Liang Emily, Rastegar Mandana
University of California Los Angeles David Geffen School of Medicine, Los Angeles, California, USA.
Department of Medicine, University of California Los Angeles David Geffen School of Medicine, Los Angeles, California, USA.
BMJ Case Rep. 2018 Apr 24;2018:bcr-2017-223870. doi: 10.1136/bcr-2017-223870.
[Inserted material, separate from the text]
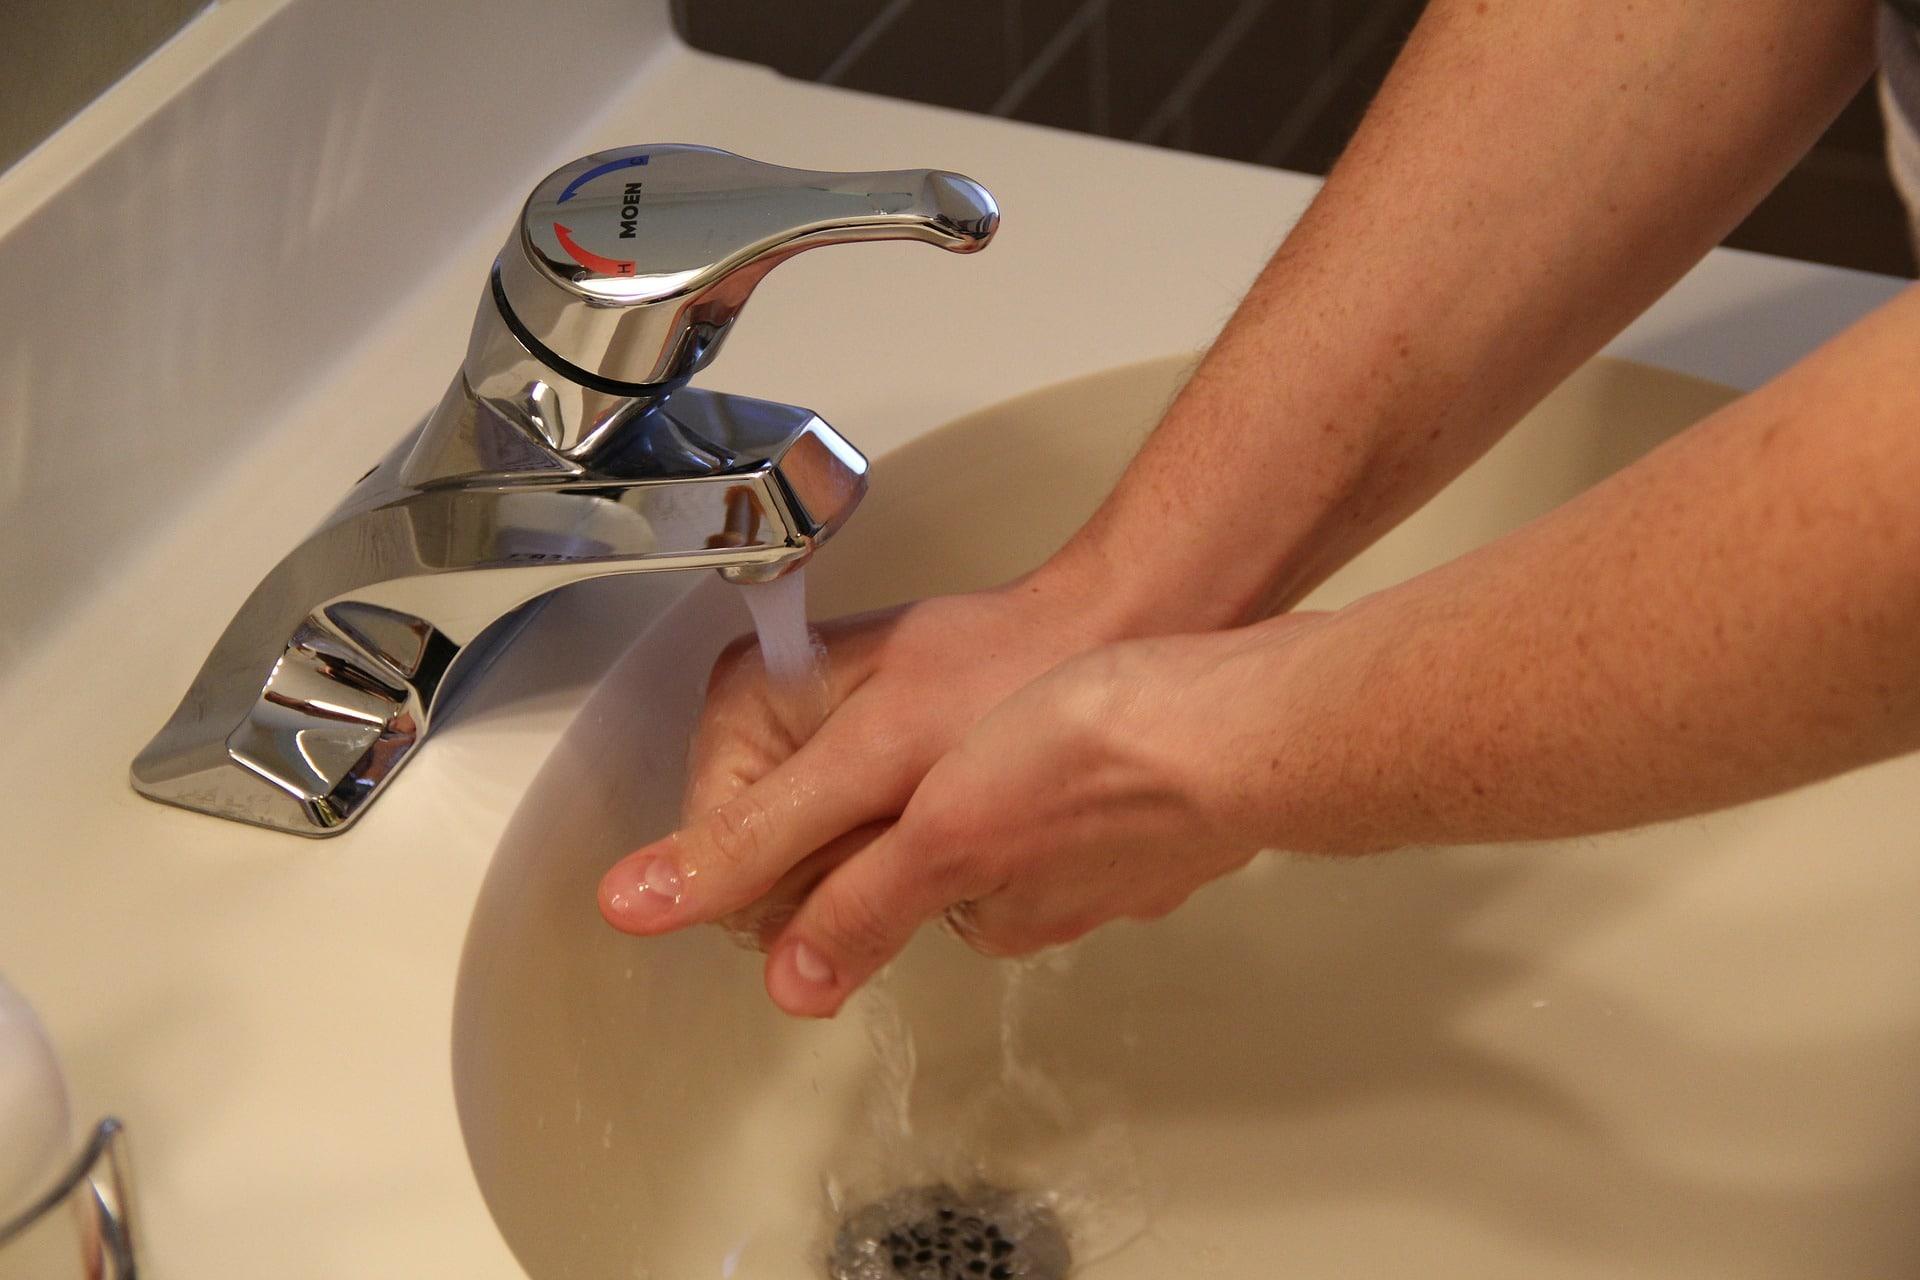 Taxa de higiene de mãos

Immune-mediated necrotising myopathy (IMNM) is a type of inflammatory myopathy characterised by acute or subacute severe proximal muscle weakness, significantly elevated creatine kinase levels, and prominent myofibre necrosis and regeneration with little or no inflammation. A subtype of IMNM identified by anti-HMG-CoA reductase (HMGCR)antibodies has been shown to be associated with statin exposure. Treatment of IMNM consists of immunosuppression with steroids, steroid-sparing agents, intravenous immune globulin and/or biologics. We present here a case of anti-HMCGR-associated IMNM and review the pathophysiology, diagnosis and treatment to increase physician awareness of this rare and debilitating condition.
免疫介导的坏死性肌病(IMNM)是一种炎性肌病,其特征为急性或亚急性严重近端肌无力、肌酸激酶水平显著升高,以及明显的肌纤维坏死和再生,炎症轻微或无炎症。已证明由抗3-羟基-3-甲基戊二酰辅酶A还原酶(HMGCR)抗体识别的IMNM亚型与他汀类药物暴露有关。IMNM的治疗包括使用类固醇、类固醇替代药物、静脉注射免疫球蛋白和/或生物制剂进行免疫抑制。我们在此报告一例抗HMGCR相关的IMNM病例,并回顾其病理生理学、诊断和治疗方法,以提高医生对这种罕见且使人衰弱疾病的认识。